The better way is to tell the kernel that a crowded neighborhood is normal. For most modern data centers, I recommend quadrupling the defaults. Even with 8,000 entries, the memory footprint is negligible. Each ARP entry takes roughly 256 bytes; 8,192 entries use only about 2MB of RAM. That is a tiny price for network stability.

Production-Ready Configuration

Don’t modify /etc/sysctl.conf directly. Instead, create a dedicated file in /etc/sysctl.d/ for better organization.

Apply these settings to handle high-density environments. I have used this specific configuration across clusters of 5,000+ nodes with zero issues.

# Save to /etc/sysctl.d/20-neighbor-limits.conf

# IPv4 Neighbor Table Tuning
net.ipv4.neigh.default.gc_thresh1 = 1024
net.ipv4.neigh.default.gc_thresh2 = 4096
net.ipv4.neigh.default.gc_thresh3 = 8192

# IPv6 Neighbor Table Tuning
net.ipv6.neigh.default.gc_thresh1 = 1024
net.ipv6.neigh.default.gc_thresh2 = 4096
net.ipv6.neigh.default.gc_thresh3 = 8192

# Reduce ARP traffic by keeping entries in the cache for 1 hour
net.ipv4.neigh.default.gc_stale_time = 3600
net.ipv6.neigh.default.gc_stale_time = 3600

Load the new settings immediately without rebooting:

sudo sysctl -p /etc/sysctl.d/20-neighbor-limits.conf

Why these values?

Setting gc_thresh1 to 1,024 stops the kernel from wasting CPU cycles on garbage collection for small tables.
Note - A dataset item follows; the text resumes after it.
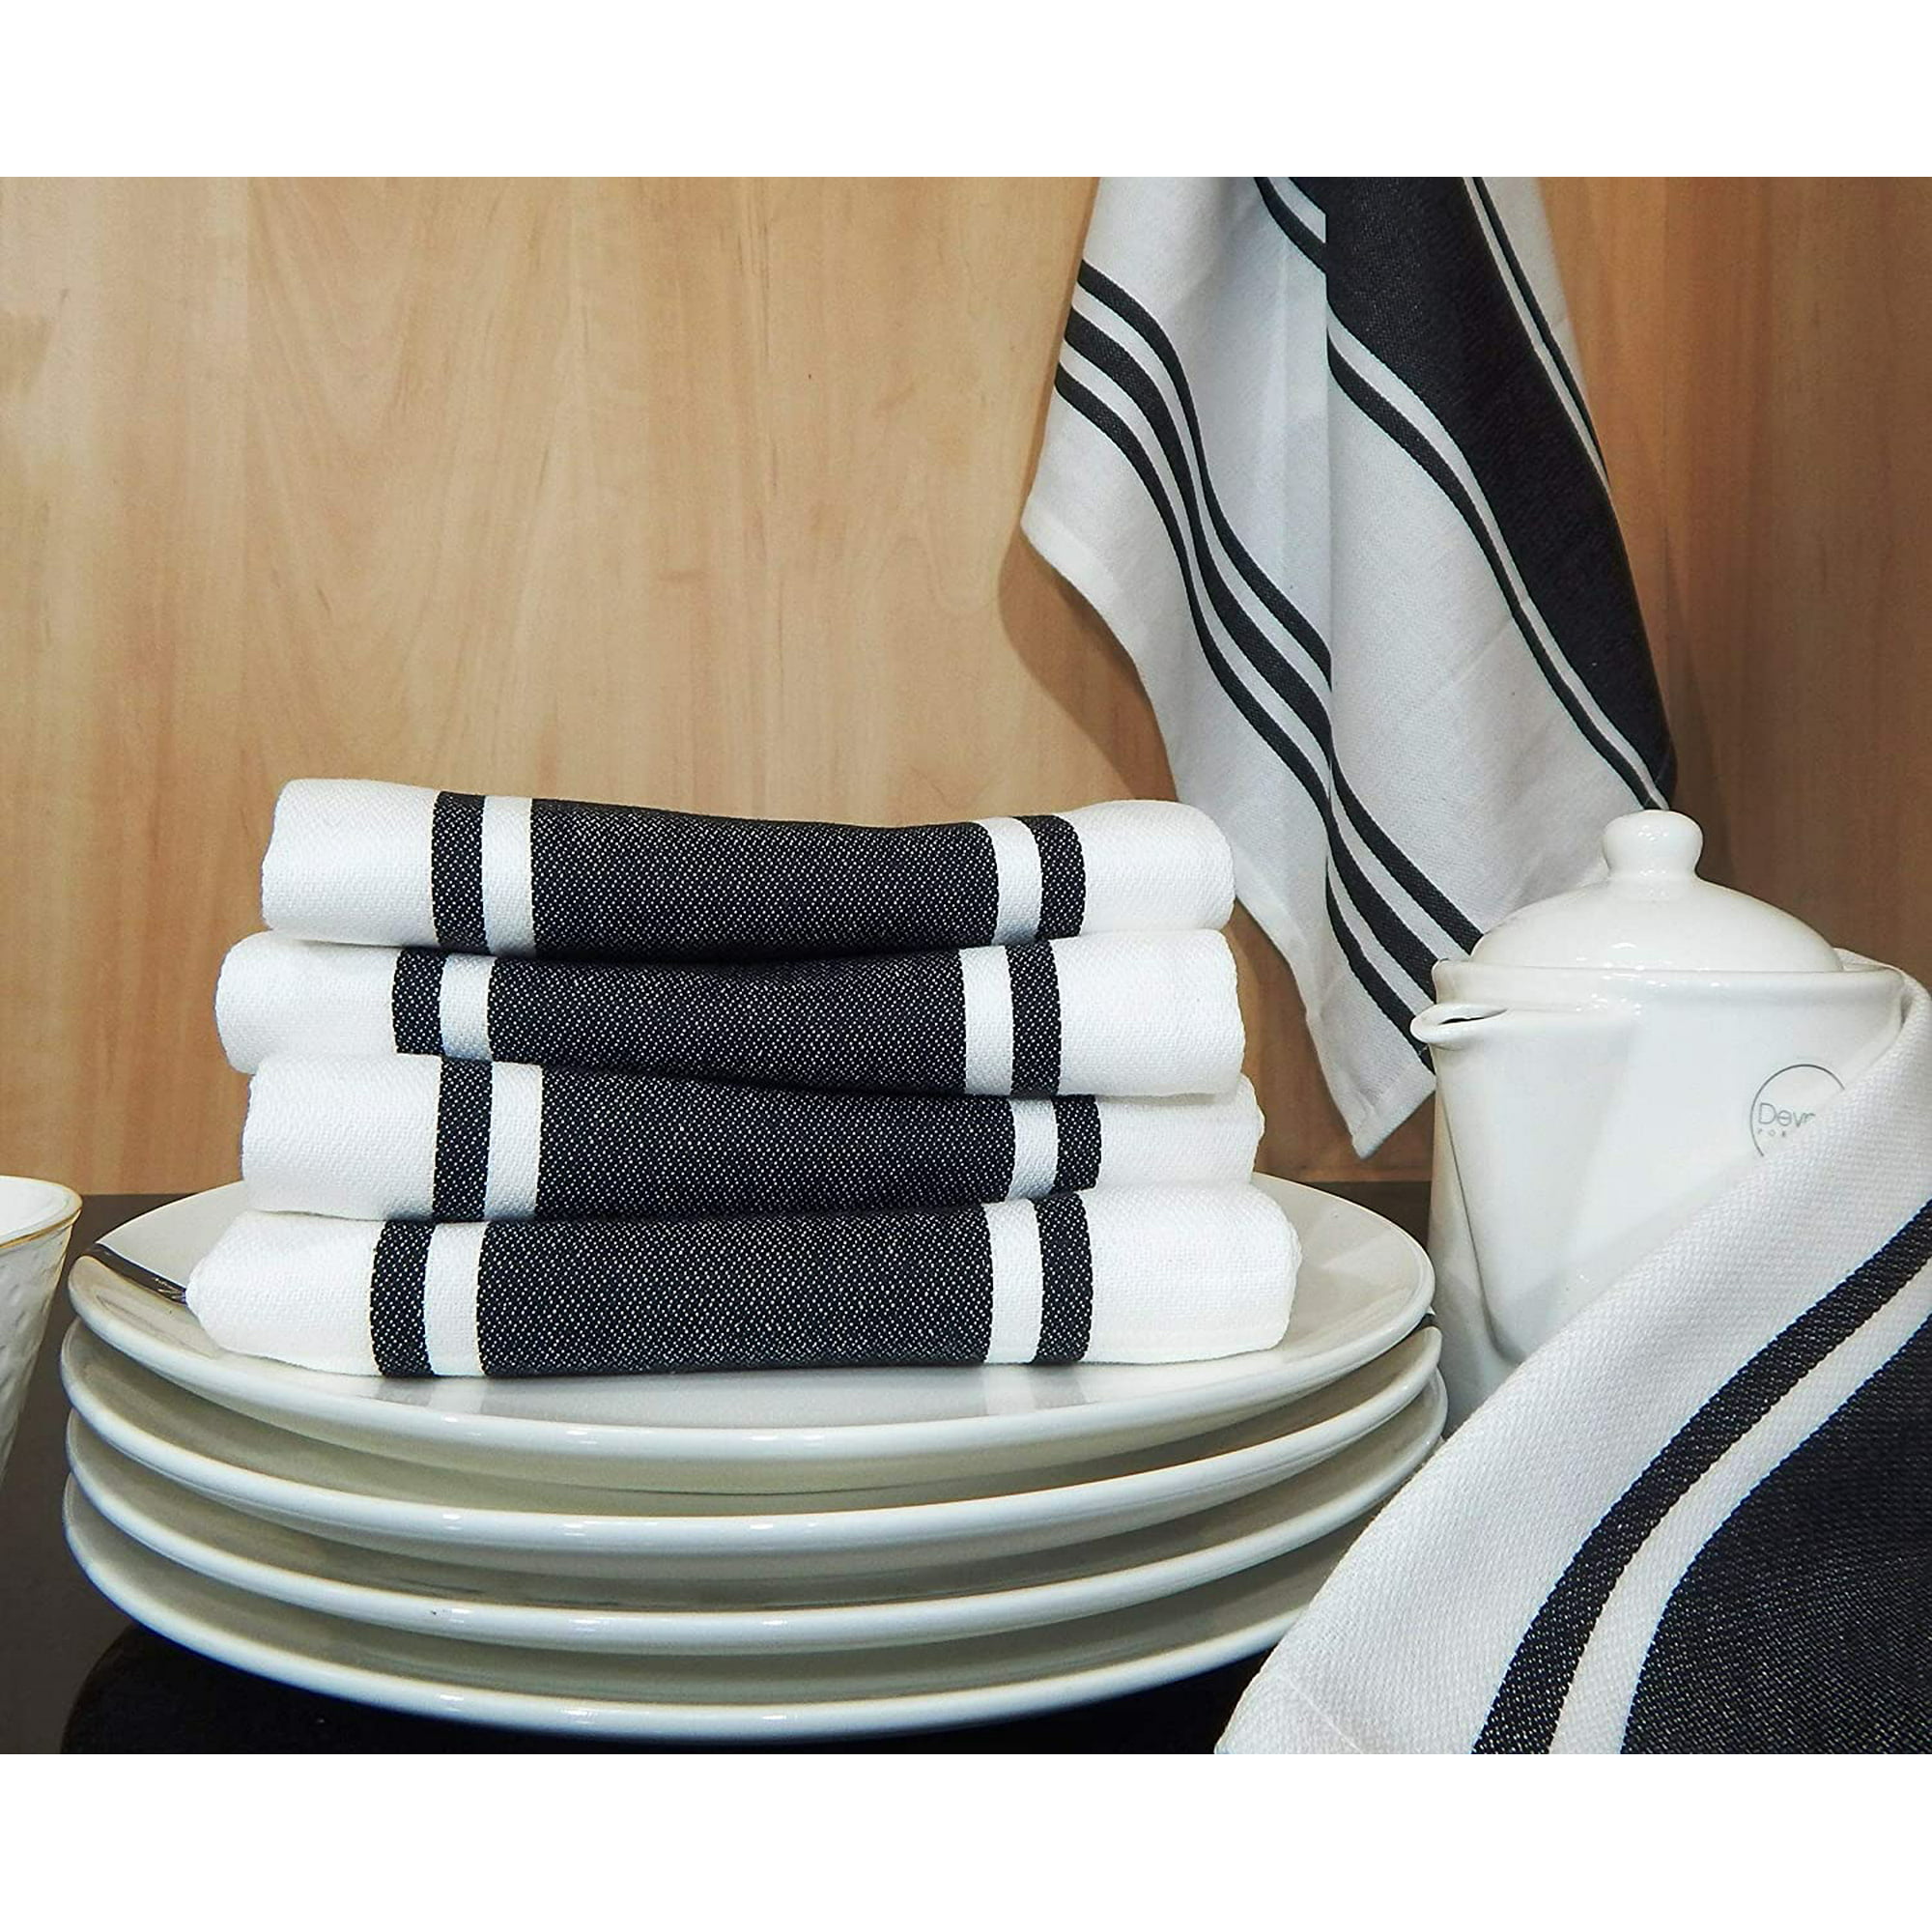 Tiny Break Dish Kitchen Towels Vintage Striped 100% Cotton Tea Towel 20 x 28 inch Set of 6 Beige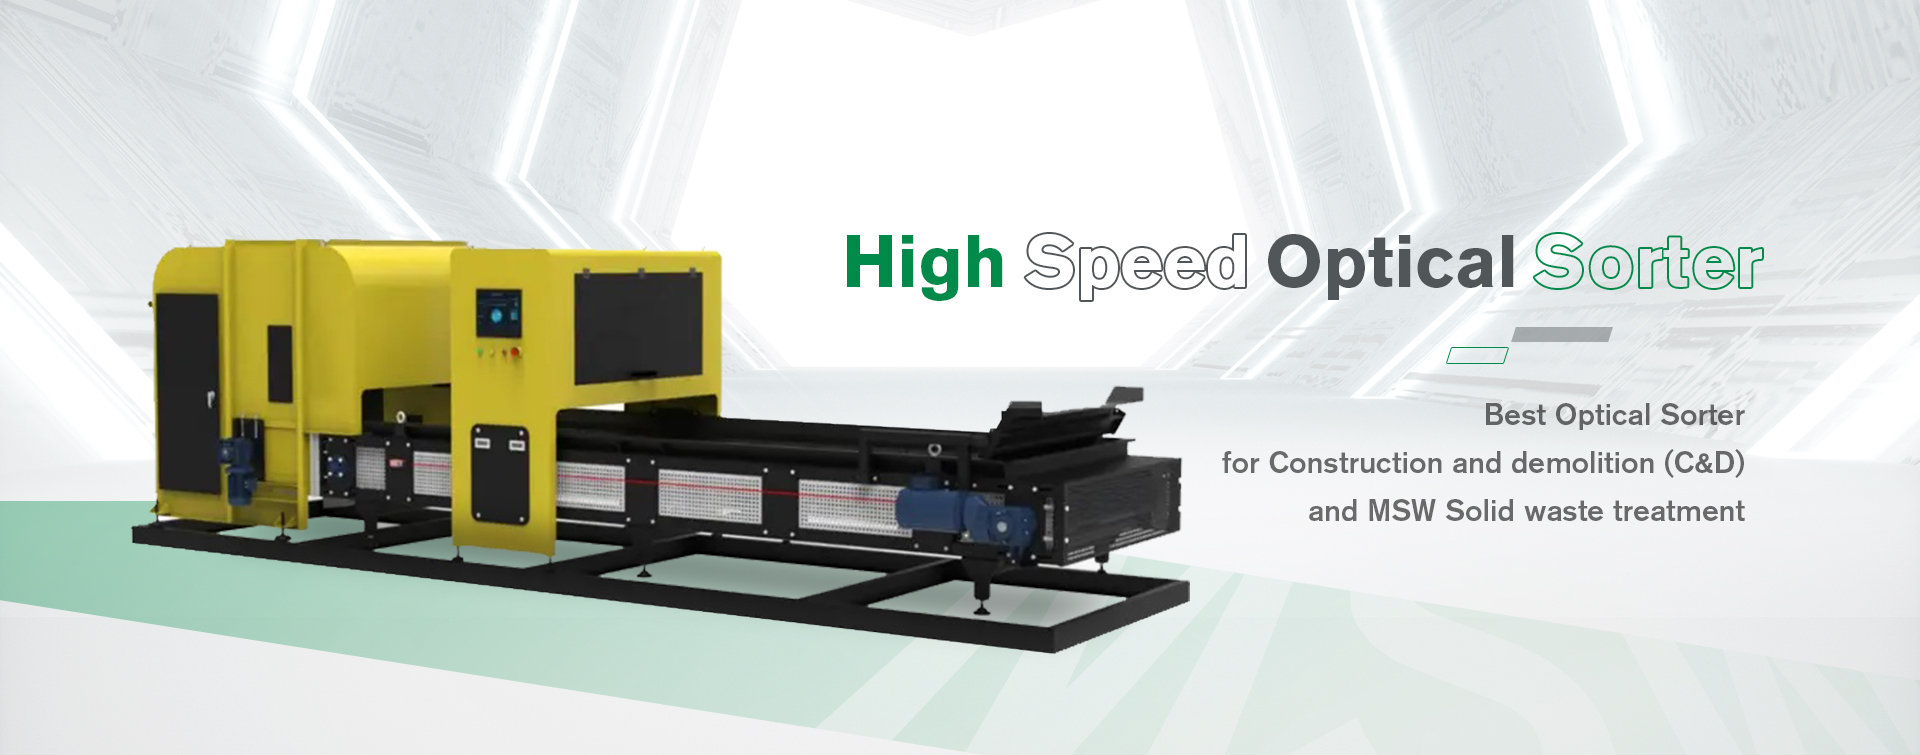 High Speed Optical Sorter

The 8,192 limit on gc_thresh3 provides a massive buffer for sudden bursts of new containers, VMs, or network scans without triggering a panic.

Verifying the Results

Check your kernel logs (dmesg) after applying the change. The “overflow” messages should vanish instantly. To see the table grow naturally, use a watch command:

watch -n 1 "ip neigh show | wc -l"

The count should now climb comfortably past the old 1,024 limit and level off at your actual device count. If it continues to rise indefinitely without stopping, you may be dealing with a network loop or an ARP sweep from a malicious actor.

Wrapping Up

Networking at scale requires moving past “out-of-the-box” settings. The ‘Neighbor Table Overflow’ is a prime example of how a small default value can cause a massive headache. If you manage servers in a modern data center or large VLAN, don’t wait for a 2 AM page. Check your neighbor counts today and tune your limits before the table hits its ceiling.